Guiné Equatorial: Partidos da oposição e sociedade civil apelam à abstenção ou voto nulo nas eleições deste domingo

Vários partidos da oposição e organizações da sociedade civil da Guiné Equatorial, num total de 16 entidades no país e na diáspora, apelaram aos cidadãos do país a “não participarem” nas eleições presidenciais, legislativas e municipais deste domingo.

“Instamos todos os cidadãos da Guiné Equatorial a não participarem em nenhuma fase do atual processo eleitoral, especialmente na votação de 20 de novembro, e, se por força maior, alguns tiverem de o fazer, a votarem nulo”, apelam as 16 organizações cossignatárias do Pacto Político de Madrid 2022 em 28 de junho último, num comunicado emitido em Malabo esta quinta-feira.

O conjunto de entidades apela ainda à comunidade internacional a que “não reconheça os resultados das eleições presidenciais, legislativas e municipais de 20 de novembro”, considerando que os mesmos resultam de “um processo falho e nulo, fraudulento e antidemocrático”.

Os cossignatários do Pacto Político da Oposição Pró-Democrática da Guiné Equatorial instam ainda os atores internacionais a “convidarem o regime de Obiang a iniciar imediatamente um diálogo com todas as forças políticas e sociais do país para uma transição pacífica”, de acordo com o comunicado.

Teodoro Obiang Nguema Mbasogo deve ser este domingo reeleito pela sexta vez Presidente da Guiné Equatorial para um mandato de mais sete anos, numa eleição que a sua Constituição, em dois artigos distintos, o impedia expressamente de organizar.

As eleições presidenciais deste domingo coincidem com eleições legislativas, senatoriais e municipais – e esta é uma das infrações à Constituição equato-guineense, que exclui a realização simultânea das presidenciais com outros plebiscitos – mas estavam previstas para abril próximo, sendo esta tão grande antecipação também expressamente excluída na Magna Carta do país.

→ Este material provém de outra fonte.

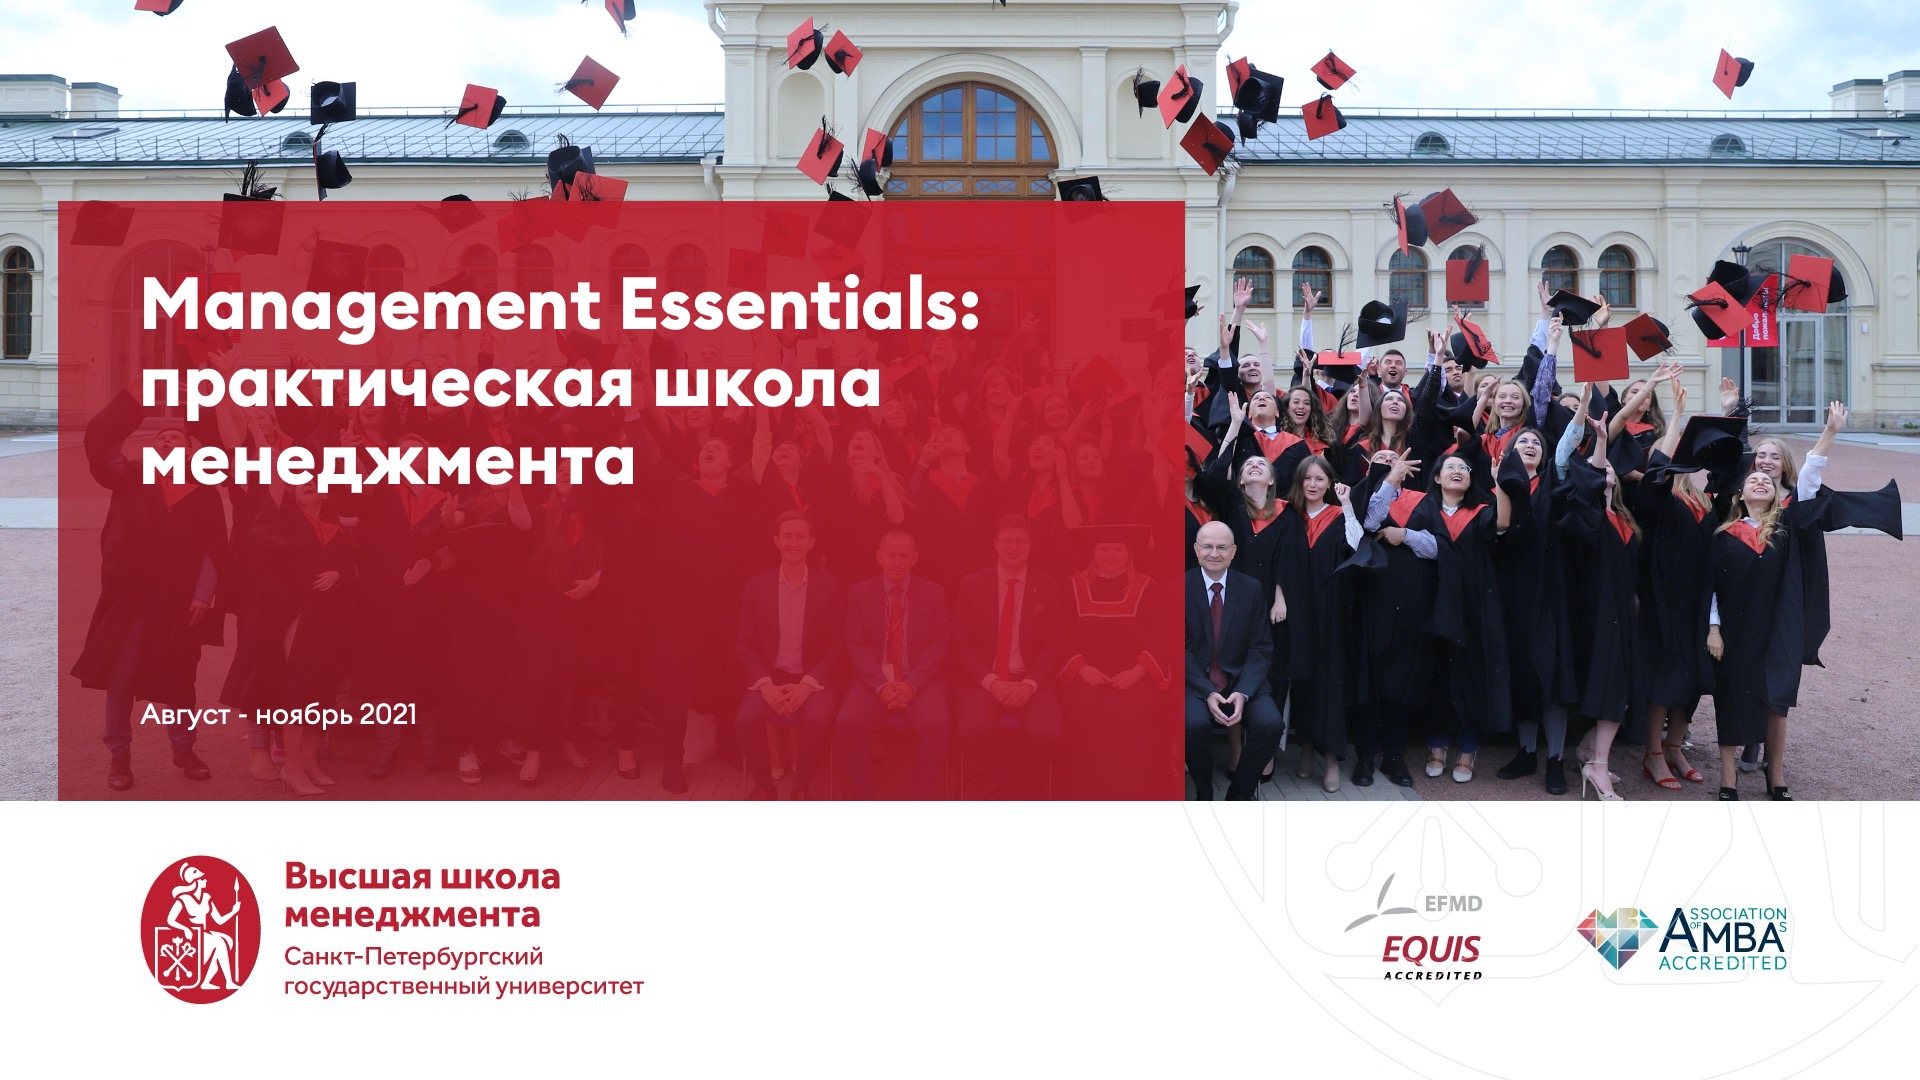 Management Essentials: Практическая школа менеджмента для ПАО Газпром

Um total de 427.661 eleitores, de entre uma população de 1,45 milhões de habitantes, dispõe de cartão de eleitor para escolher este domingo um de três candidatos à presidência, assim como o partido para ocupar os 100 assentos na câmara baixa do Parlamento em Malabo (99 dos quais atualmente reservados ao Partido Democrático da Guiné Equatorial (PDGE), partido único até 1991); parte do senado (cujos 70 assentos são ocupados pelo PDGE); e os dirigentes dos 37 municípios do país.

Candidatam-se à presidência Teodoro Obiang, líder do PDGE; Andrès Esono Ondo, presidente do partido da Convergência para a Democracia Social (CPDS), o único partido da oposição que não está proibido, e o líder da microformação política Partido da Coligação Social Democrática (PCSD), Buenaventura Monsuy Asumu, um senador e aliado crónico de Obiang, que concorre contra o Presidente pela quinta-vez oferecendo ao regime um simulacro de democracia.

De acordo com os signatários do Pacto, no início deste ano, a oposição política equato-guineense apresentou a Teodoro Obiang “vontade de diálogo e estabeleceu condições para que as eleições gerais deste ano funcionassem num contexto minimamente aceitável (amnistia para prisioneiros políticos e exilados; uma mesa de negociações entre o governo e as forças políticas e sociais do país, uma comissão eleitoral independente e um recenseamento eleitoral biométrico)”.

“Obiang não só não deu ouvidos a esta proposta, como desencadeou uma dura onda de repressão contra ativistas políticos e sociais no país, com detenções arbitrárias e assassinatos de ativistas da oposição”, acusa o comunicado.

Numa declaração emitida no início de novembro, a diplomacia da União Europeia (UE) instou o país a realizar eleições “pacíficas, inclusivas e transparentes”. No mesmo sentido, também os Estados Unidos instaram o Governo em Malabo a “permitir que os seus cidadãos expressem as suas preferências de forma livre e confiante nas urnas eleitorais”.

A Guiné Equatorial aderiu à Comunidade dos Países de Língua Portuguesa (CPLP) em 2014, mediante alguns compromissos, como a abolição da pena de morte – formalizada em setembro passado -, a introdução do português e maior abertura democrática.